Charitable IRA Rollover opportunity ends Dec 31!
The Tax Relief Act of 2010 extended the popular IRA charitable rollover to transfers to charity, through December 31, 2011.In 2011 individuals 70½ and older can make gifts from an IRA to qualified public charities, and not be taxed on the withdrawal. The funds must be directly transferred from IRA accounts to the charities (ask your IRA custodian for special forms).
You won’t get an income tax deduction for the donation and this benefit only applies to IRAs and Roth IRAs. But it’s an efficient way to give or to pay off outstanding pledges. For example, if you transfer an IRA gift of $10,000 directly to your favorite charities you would pay no tax on the transfer. If you instead had taken the $10,000 as a required minimum distribution, at a 35% tax rate, you’d only have $6,500 left to give to charities.

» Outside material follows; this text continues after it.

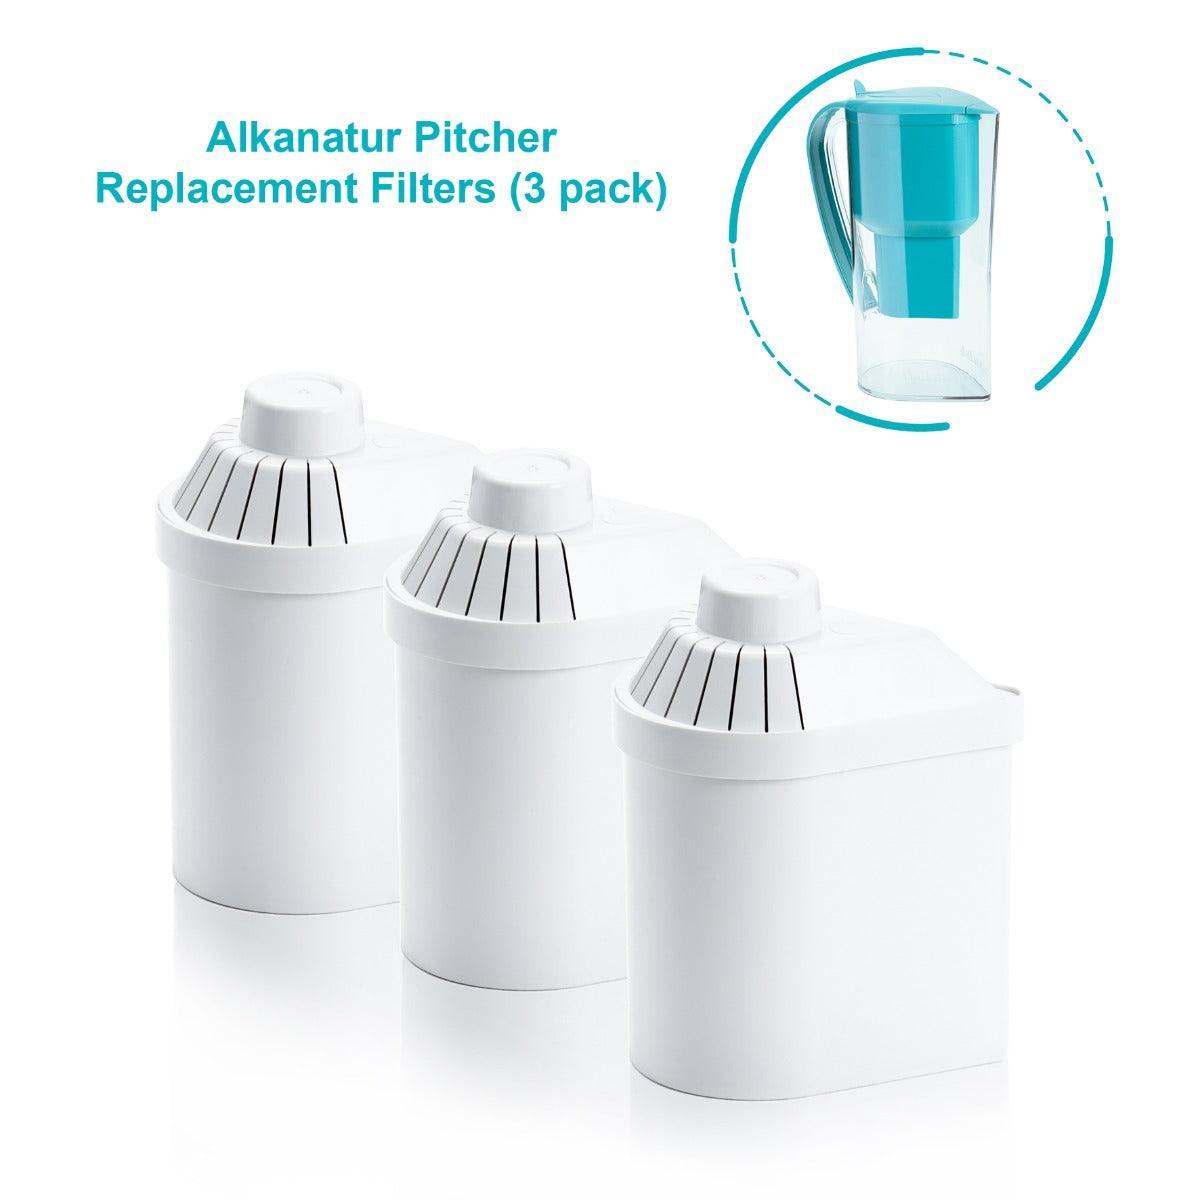 Alkanatur Pitcher Replacement Filter 3 Pack - Alkaline World

The direct transfer saves you taxes!
Requirements:
- You must be age 70½ or older at the time of the gift.
- Charitable distributions must be made from either traditional or Roth IRAs. Gifts from other Qualified Plans (401k, 403b, SEP, Keogh) are not eligible.
- Qualified distributions cannot exceed $100,000 per individual.
- Gifts must be outright. Distributions cannot be made to a donor-advised fund or supporting organization or to fund a charitable life-income agreement.
- The distribution is excluded from taxable income and may be used to meet all or part of the required minimum distribution.
How to make the transfer:
Contact your IRA custodian for directions on how to make the transfer. And please contact Margaret Ritchie about your gift or for assistance in the transfer.
This information is not meant as financial or legal advice. As always, consult with your attorney or tax advisor to see if this option is right for you.